The problem I have is that in every discussion, the following points are asserted as some kind of natural law:
1) That we send work overseas because no one in the USA wants to do it.
2) That the low prices of goods produced abroad is a paramount goal of ours (if that was true, then we should be trying move *all* work to other countries – which obviously doesn’t work, does it?)
3) That the time between 1942 and 1970 was an anomaly created by the “fact” that the US was the world’s sole manufacturer. That is patently false – it didn’t take Europe 30 years to rebuild its factories, they were rebuilt in 2-3 years, and exports were a much smaller percentage of our GDP then as compared to now.
4) The latest one I have been seeing is that we shouldn’t even bother trying to attract manufacturing because factories are 100% automated these days, and moving one here would not create a single new job but would cause costs to go through the roof.
On occasion I will go through a box of stuff of mine that I packed away pre-2000. That is just 16 years ago. Much of the stuff is made in the USA. Some is made in Hong Kong, Japan, or other higher-wage Asian countries. That was just 16 years ago! Think back to 1995 – was everyone miserable because everything cost so much? I remember this as a time when people felt more stable, young people felt like they had a future. I remember being in college and people were being prepared to work at making things – not at financial gimmickry.
I don’t agree with your opinion that people would not be willing to pay a little more for their goods to have an economy with more opportunities, and I’d also like to point out that this is the very same argument that liberals make when suggesting that we raise the minimum wage – that people will be OK with the extra they will have to pay for their services.
I also don’t understand your point that somehow, if we made more products in the USA, that this would somehow enrich the people that control those corporations. I think that a parallel way of encouraging this behavior is through the tax code – our tax system encourages quick-profit activities instead of long-term investments. Look at all the hot companies being formed – they strive to have US market penetration in a couple of years and then global penetration in a couple more.
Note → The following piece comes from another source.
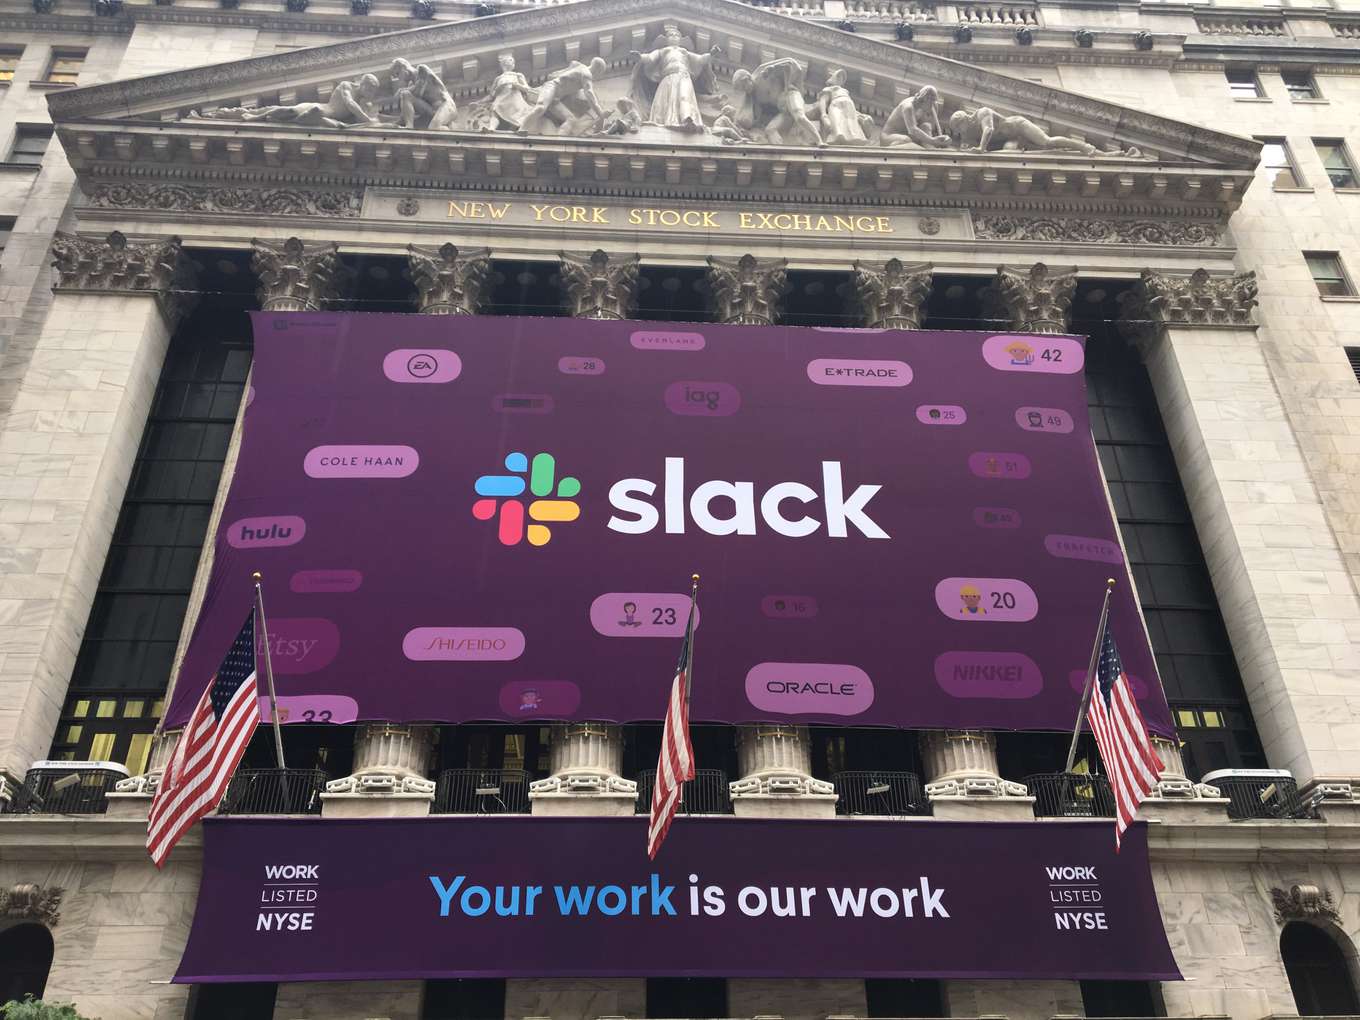 Slack: What You Need To Know About The Slack IPO

How long did it take McDonald’s to get to your community? I think that was because the tax structure wasn’t conducive to someone earning a billion dollars, so no one even tried to grow that quickly. “Entrepreneurs” today want to build their company, sell in five years, and cash out.
The point that I think most Hillary Clinton supporters missed is that people are hurting, and Trump offered them a better message. Instead of implying to them that they were deficient (by promising to focus on education and training), he told them that the system was deficient. I believe that it is, because the old system was still in place less than 20 years ago, and it worked pretty well. I don’t think many Trump voters are thrilled with a CEO that gets a $500 million bonus – so why are we allowing that kind of stuff to happen? Because “markets”?
jconway says
Your on the front lines of a hallowed out city in our own state the government in Boston has totally abandoned. And I think there are many places like that in the heartland. Boston has access to world class universities, waterways, and substantial global trade. Akron, Detroit, Grand Rapids, Scranton, and Green Bay do not. Duluth does not. So it’s time we rebuild our hallowed out cities starting here at home, and working on it across the country bringing jobs, investment, and infrastructure back.
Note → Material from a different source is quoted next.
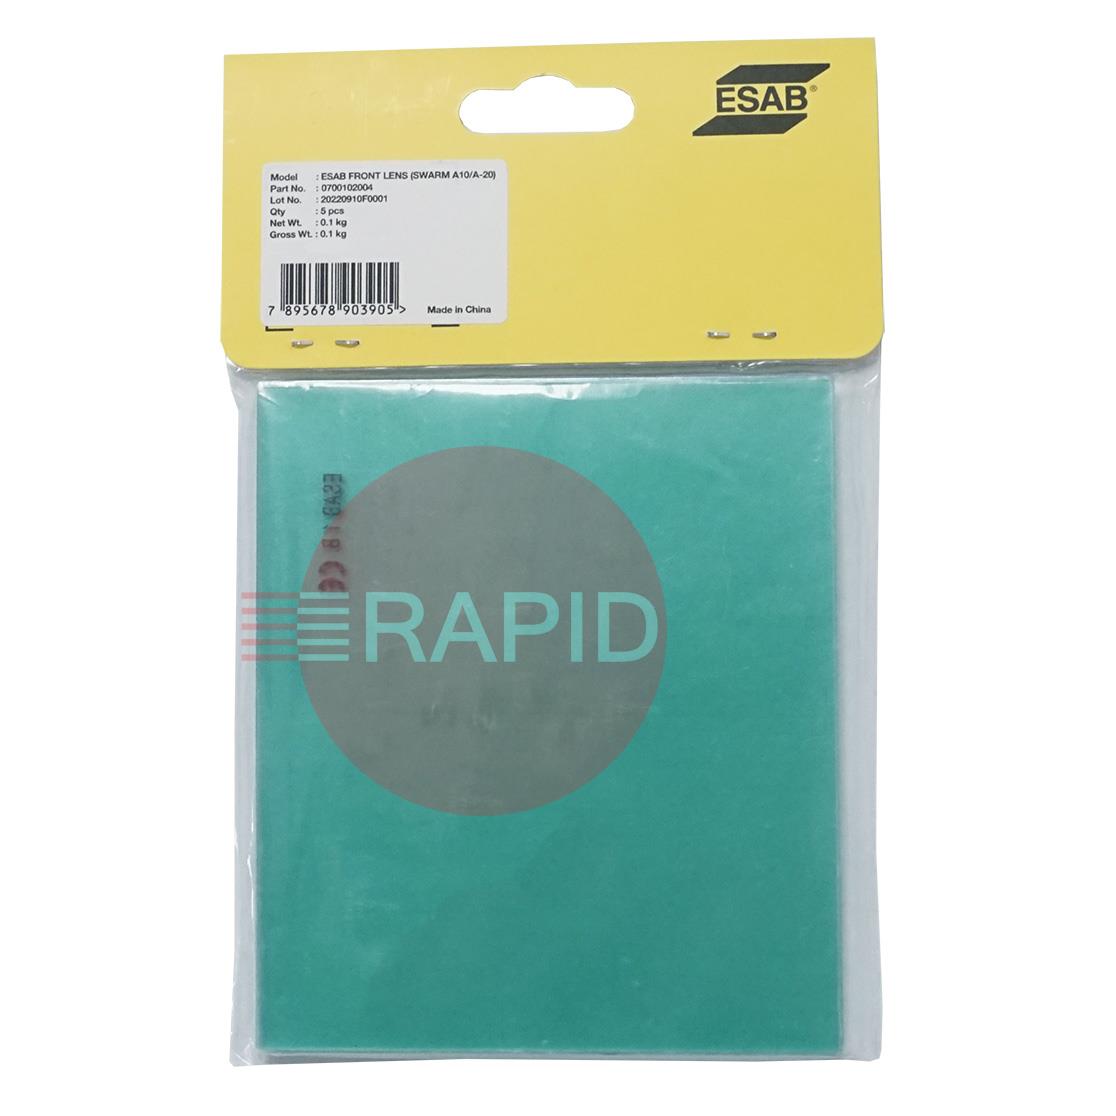 0700102004  ESAB Swarm A10 / A20 Front Cover Lens (Pack of 5)

Clinton and to a lesser extent Obama was too afraid to endorse a New Deal style jobs program, Trump just accepted his presidency with a bold call for just that. Straight from the Bernie playbook. The people want jobs, they don’t want handouts and they don’t want to feel bad about themselves. They don’t want to be lectured on privilege and social justice when their kids are dying from heroin and their marriages are collapsing due to economic strain. Time to refocus on leaving no family behind.
johntmay says
You wrote “Our consumer economy is dying because we are starving it to death by allowing the top 1% (people like Ms. Johnson) to horde essentially ALL of the wealth being generated.”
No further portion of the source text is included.